Problem requirements
Transcribe word for word the section of the records below that opens with the line containing "Nähnadel oder Zahnstocher" and closes with the line containing "planificateur horizontal pour"; drop every picture.

---------- Provided records ----------

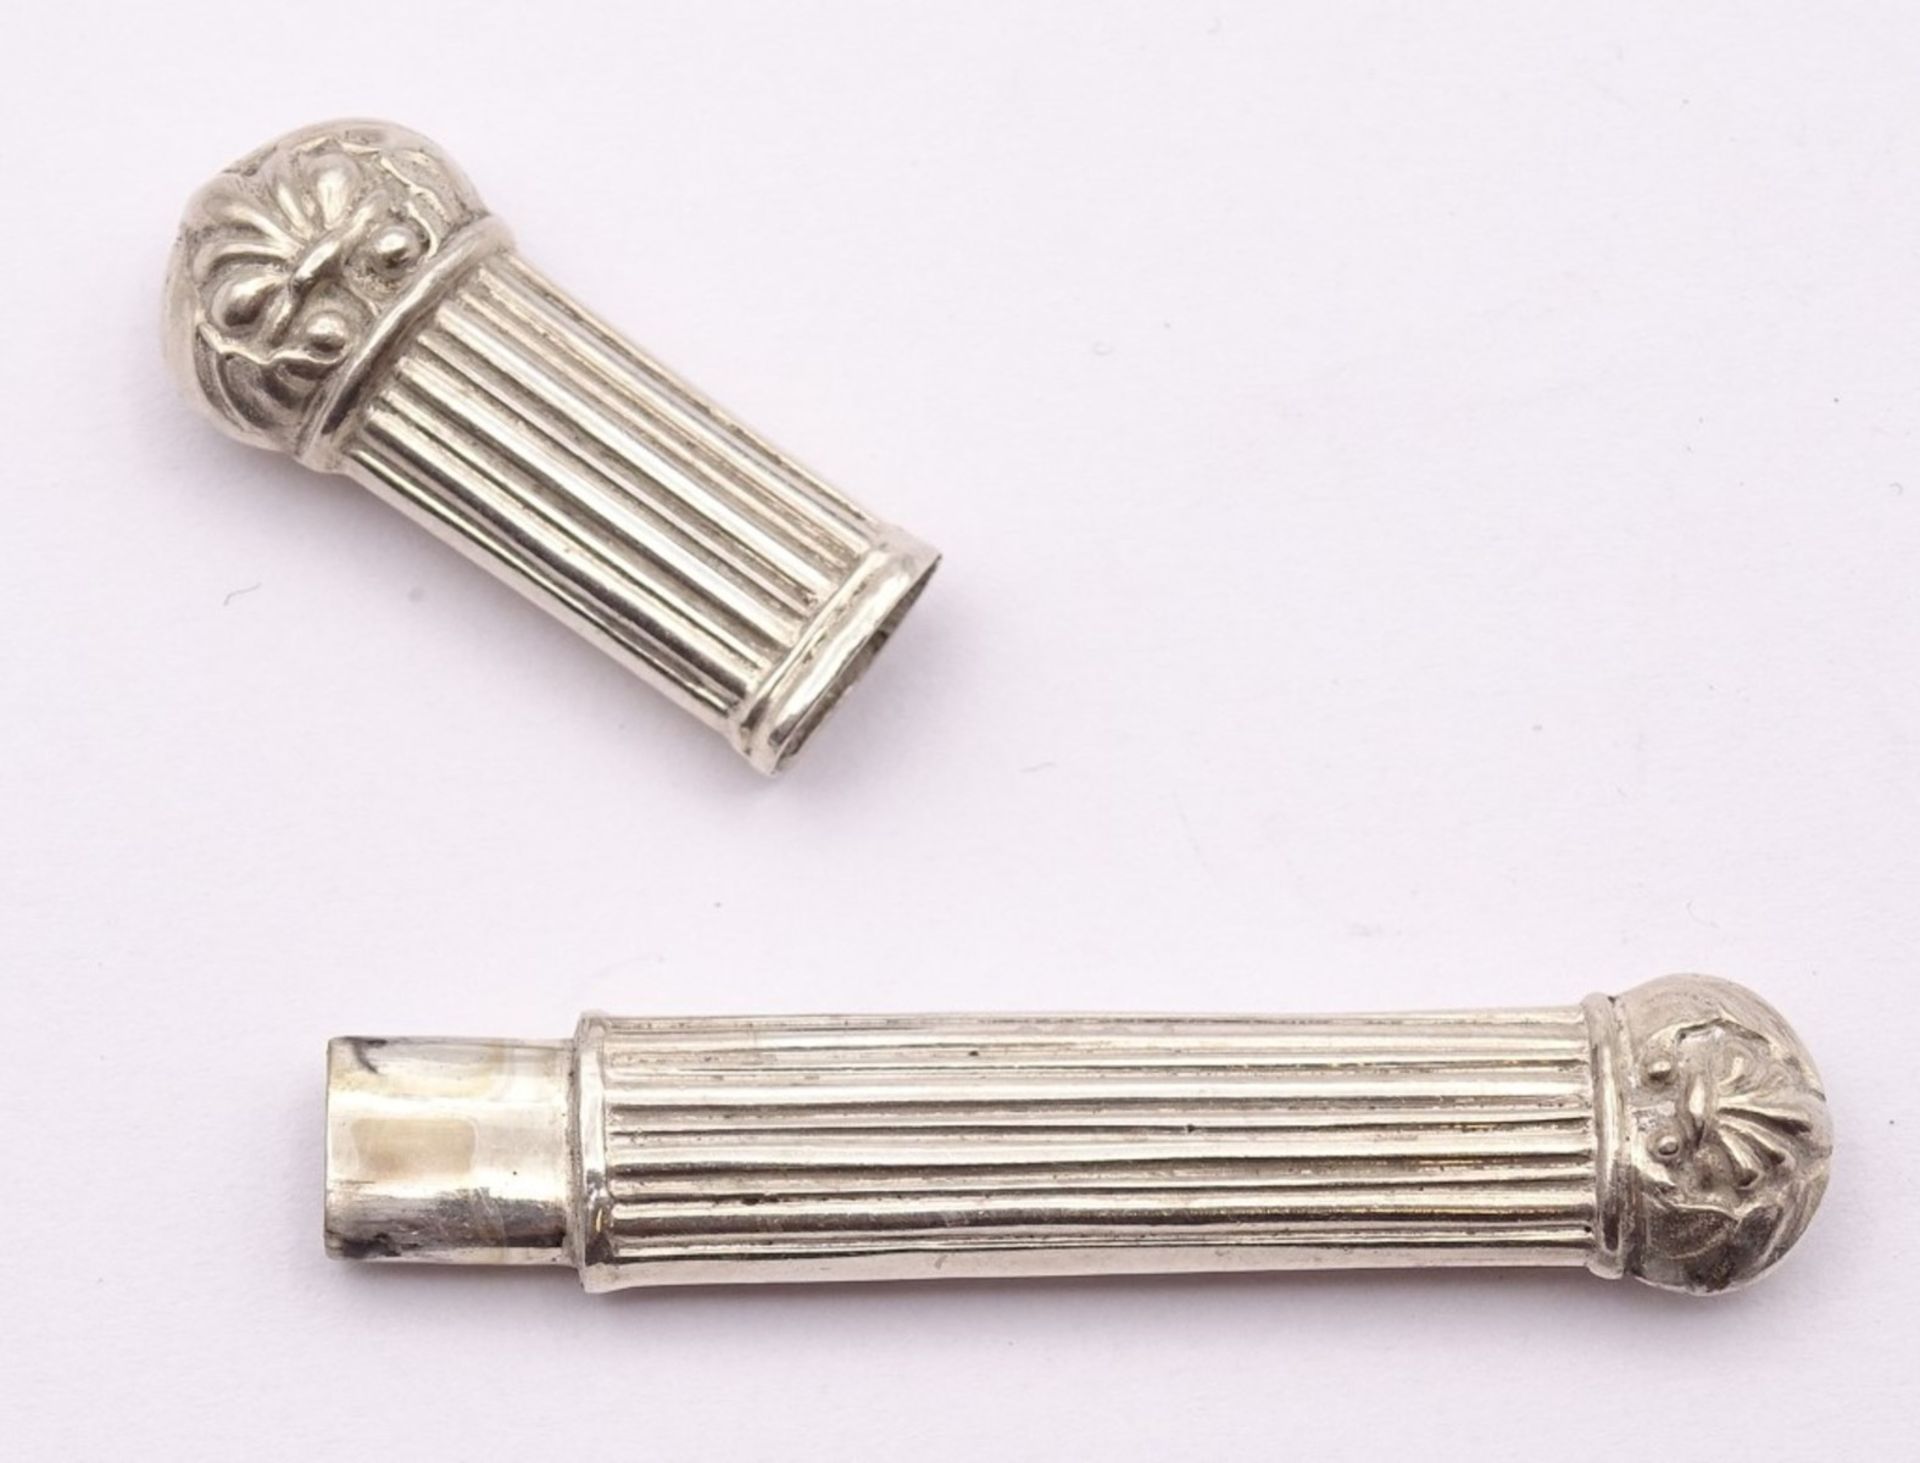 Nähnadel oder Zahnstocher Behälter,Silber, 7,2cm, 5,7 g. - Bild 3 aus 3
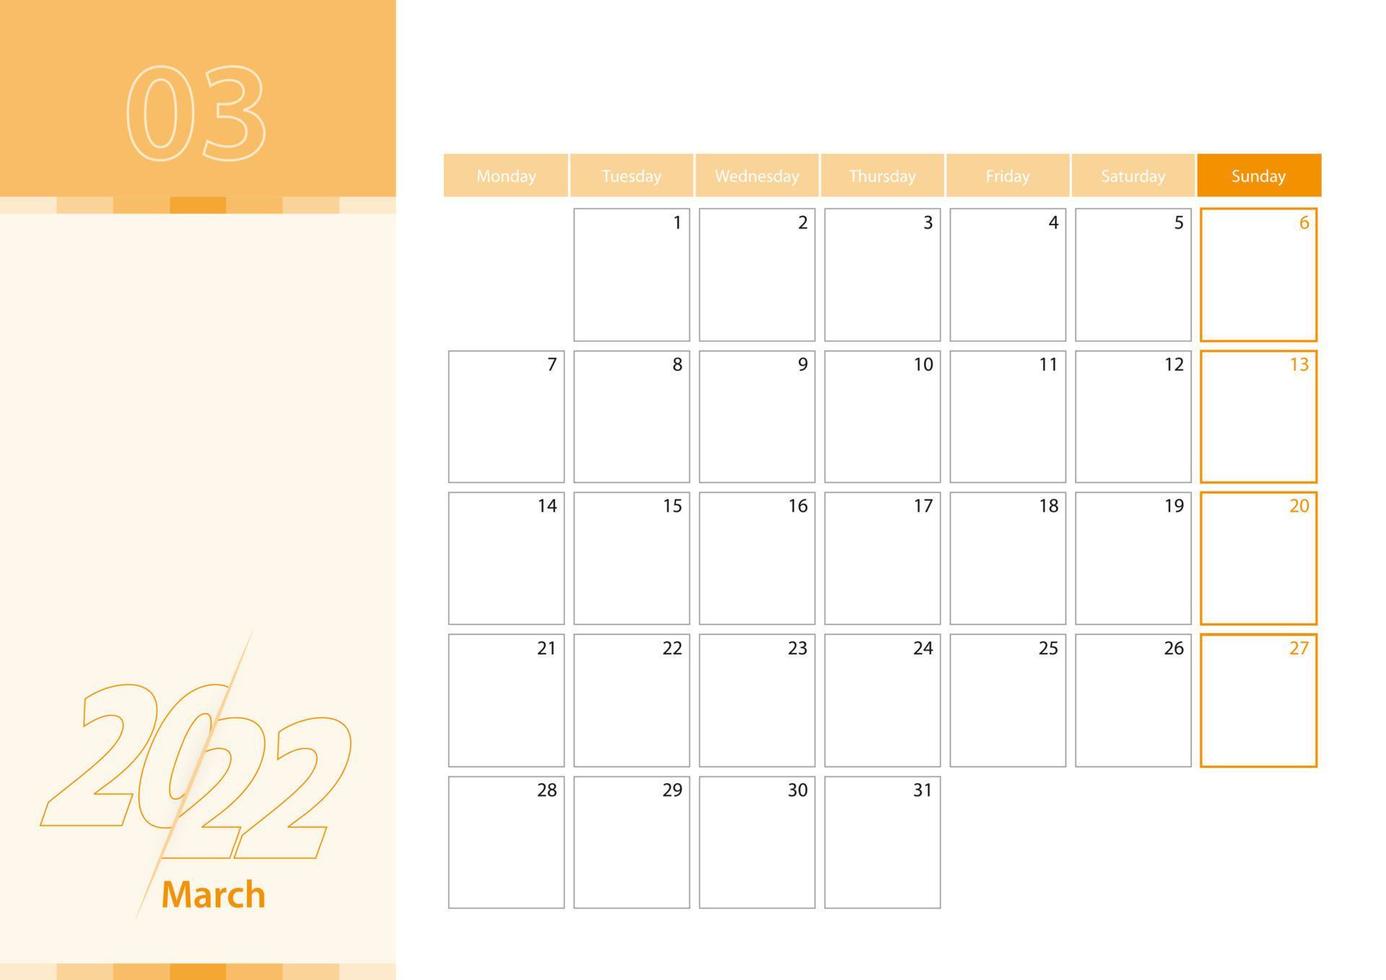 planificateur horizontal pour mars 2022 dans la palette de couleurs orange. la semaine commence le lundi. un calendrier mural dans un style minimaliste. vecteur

----------
---------- Provided records ----------

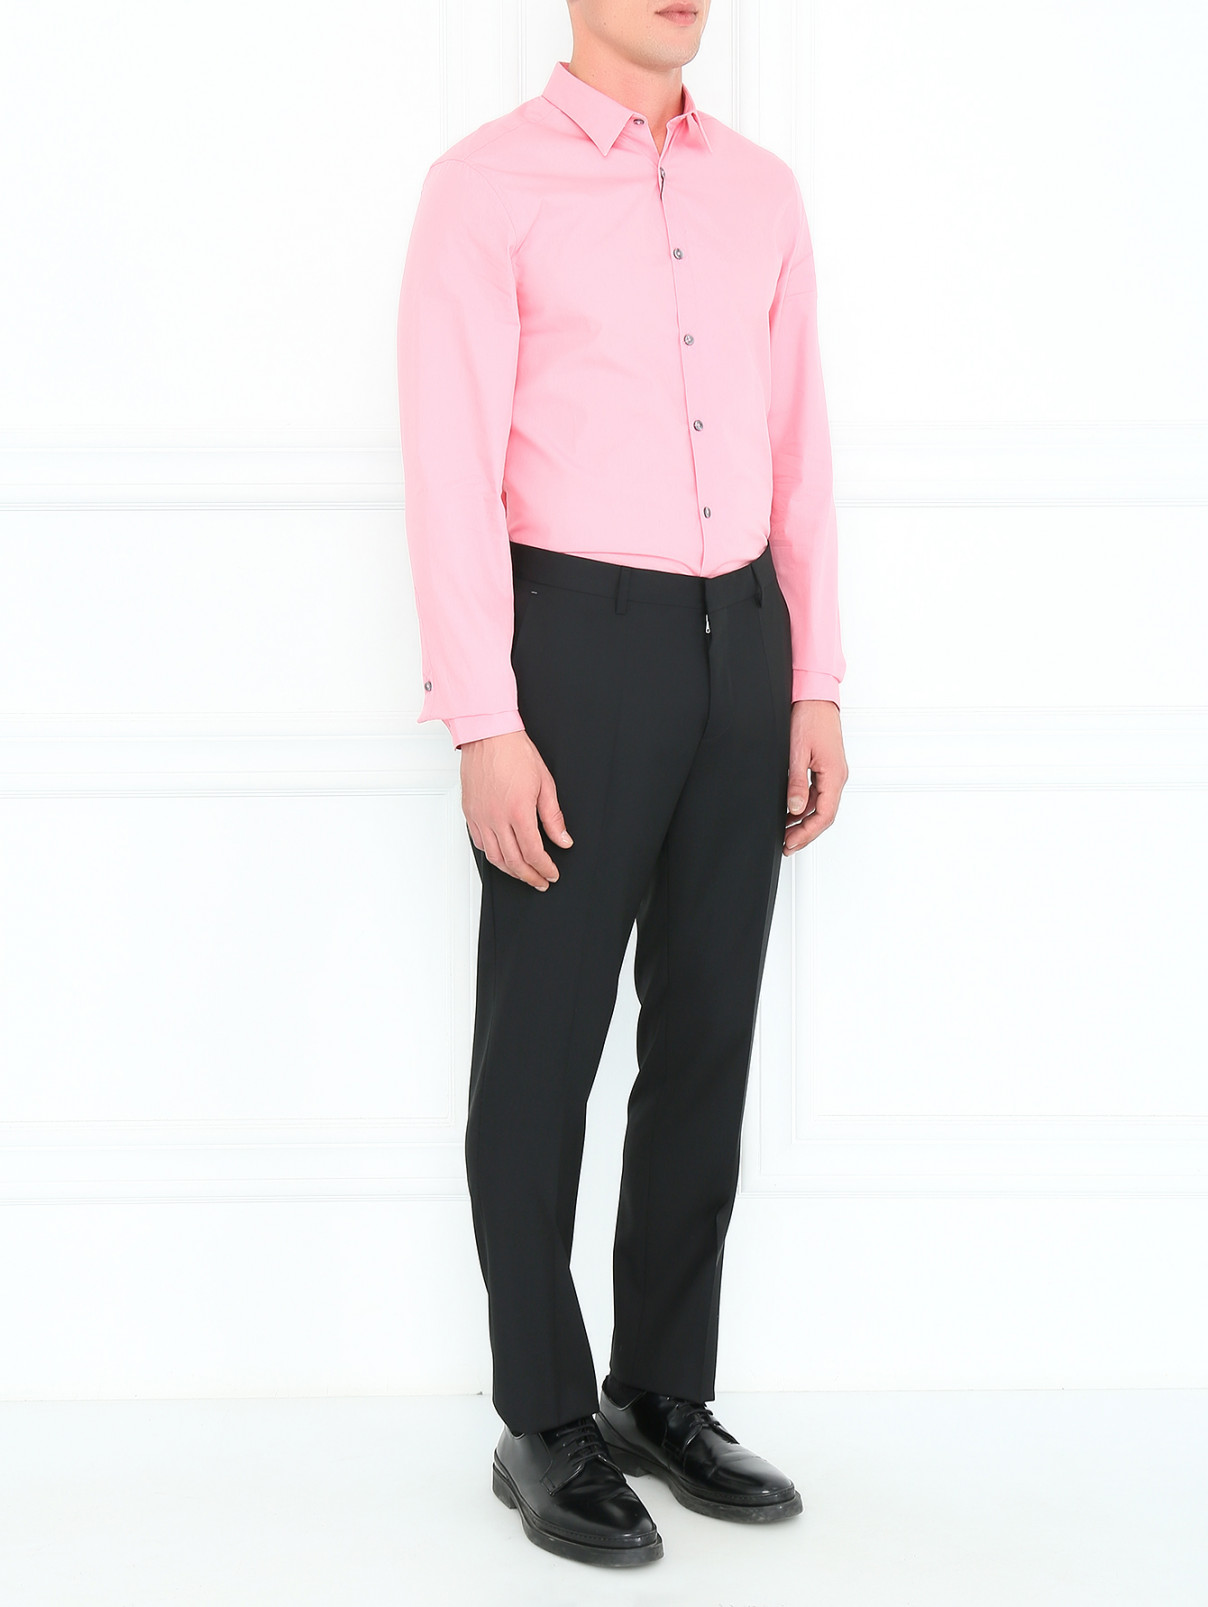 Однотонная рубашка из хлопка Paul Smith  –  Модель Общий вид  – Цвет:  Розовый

----------
---------- Provided records ----------

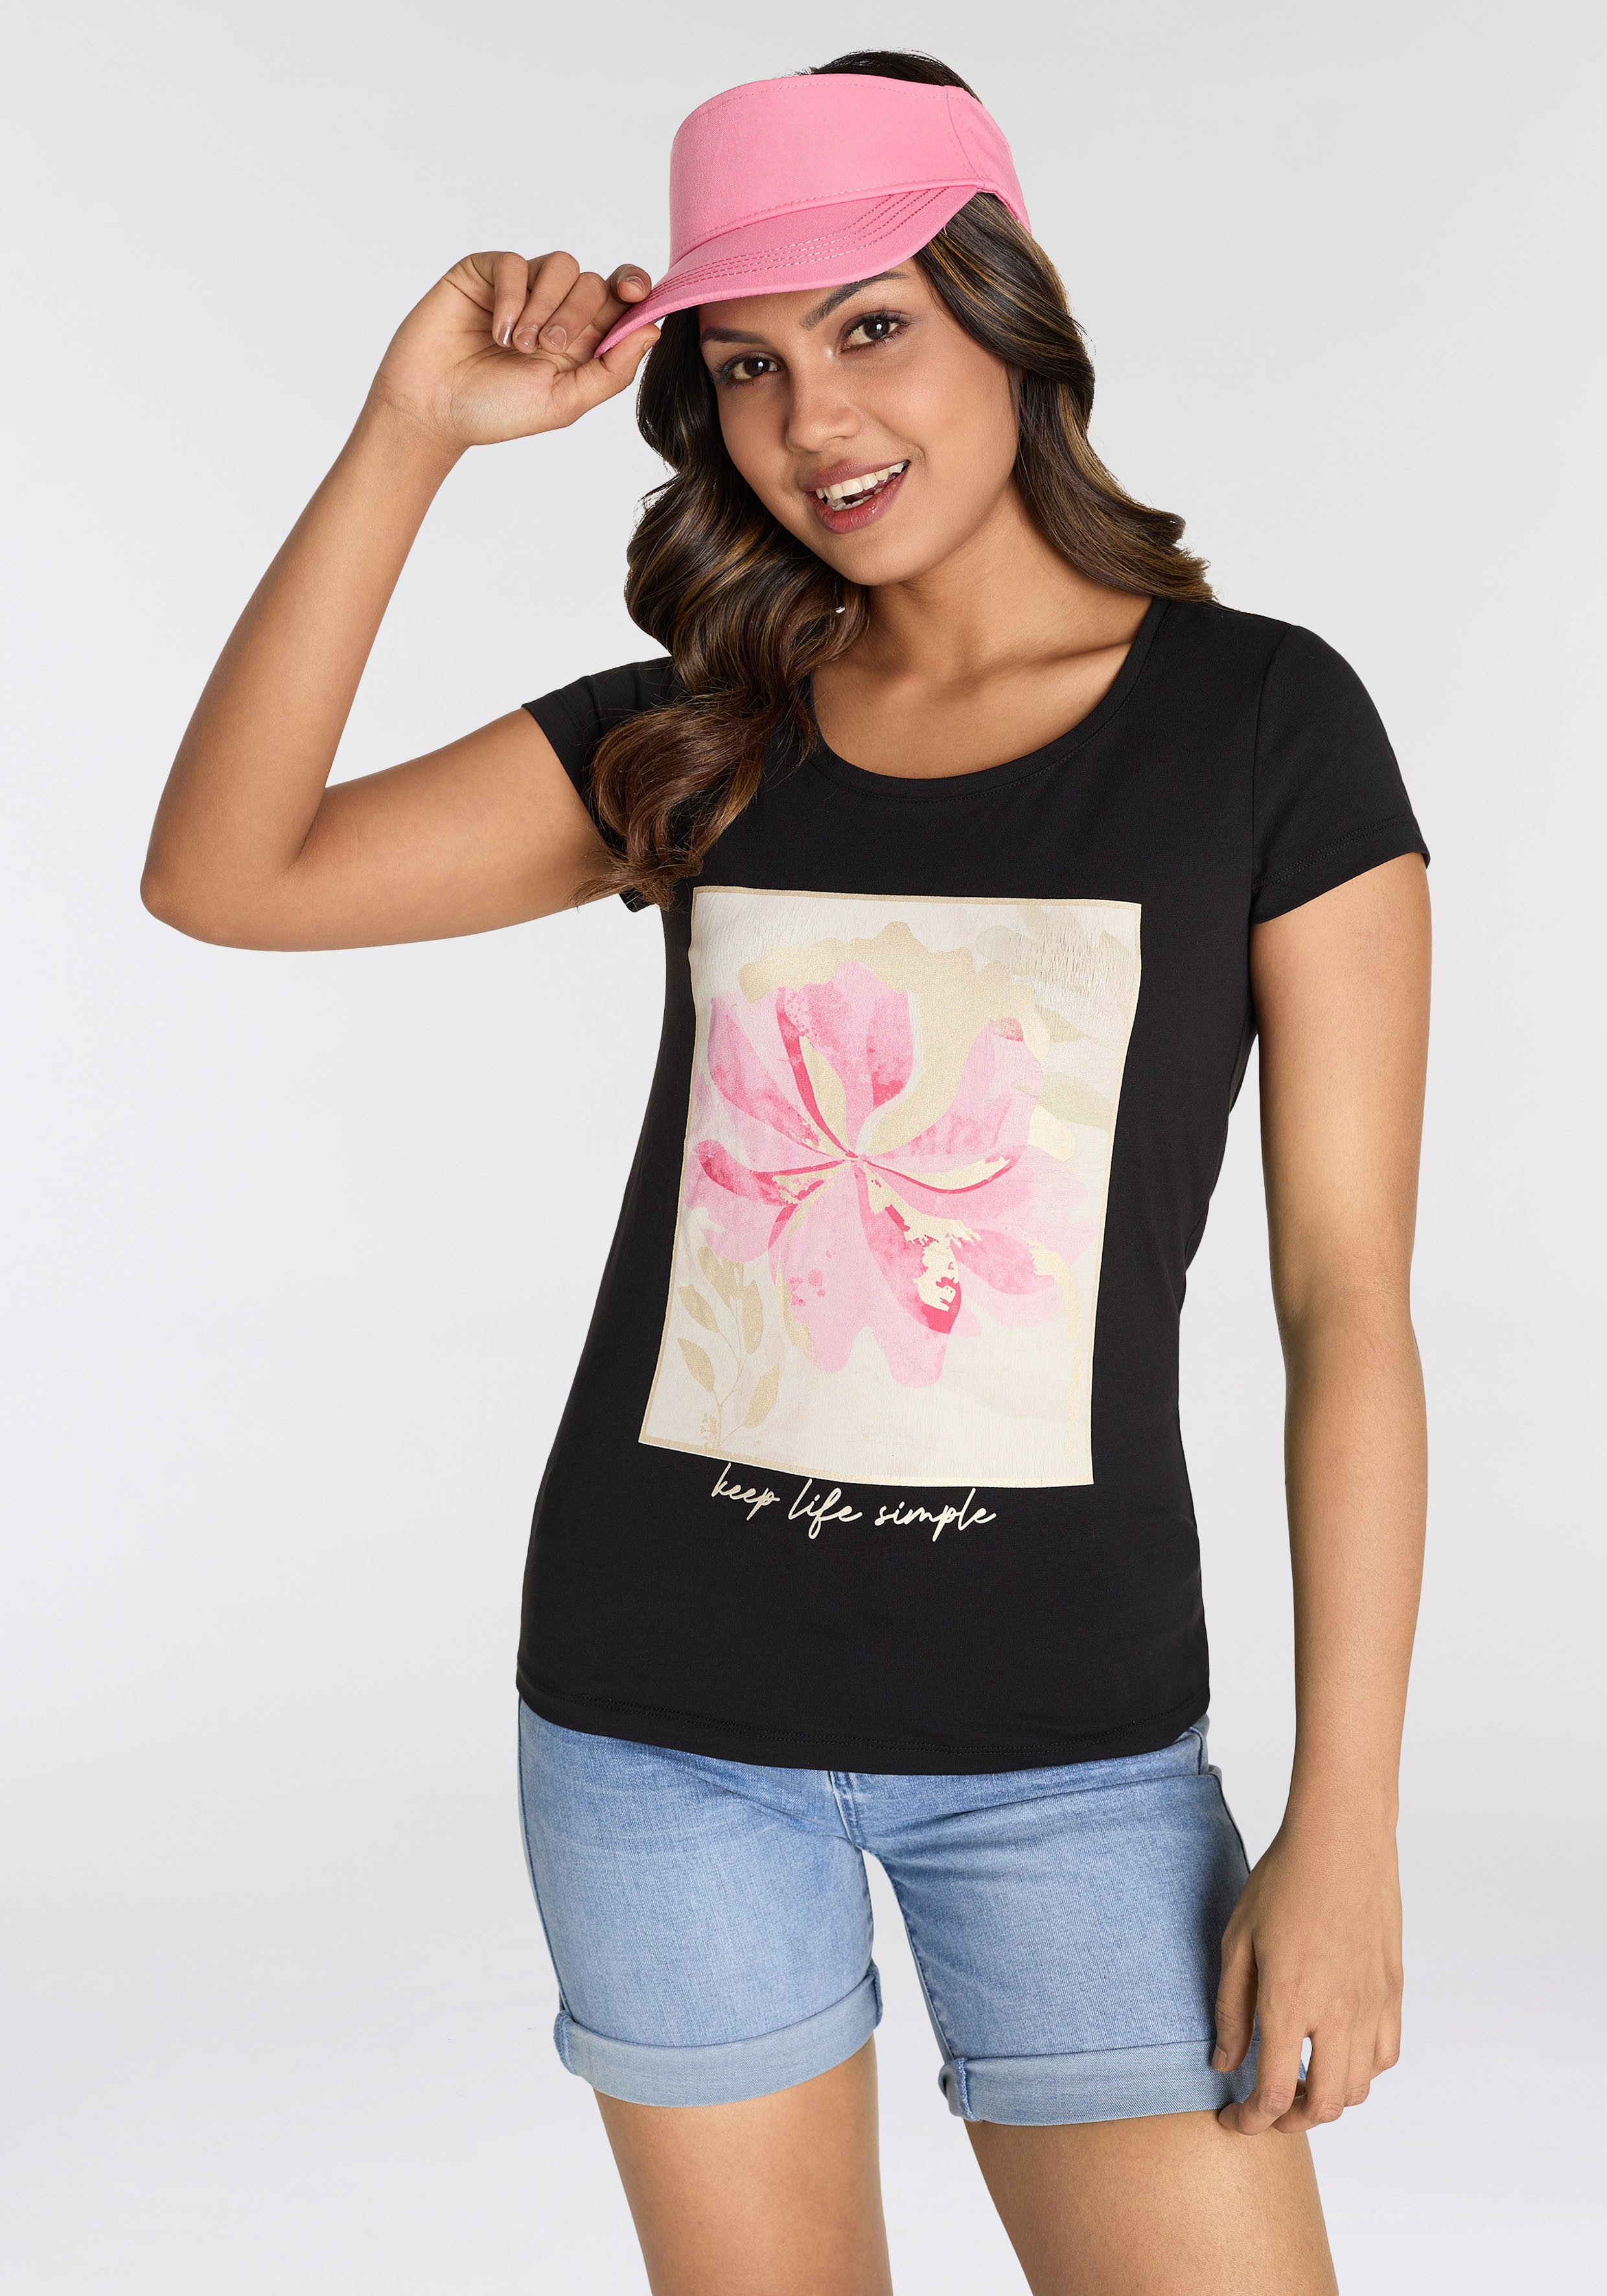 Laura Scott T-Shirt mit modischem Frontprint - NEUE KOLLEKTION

----------

Solved exercise
 Nähnadel oder Zahnstocher Behälter,Silber, 7,2cm, 5,7 g. - Bild 3 aus 3
 planificateur horizontal pour mars 2022 dans la palette de couleurs orange. la semaine commence le lundi. un calendrier mural dans un style minimaliste. vecteur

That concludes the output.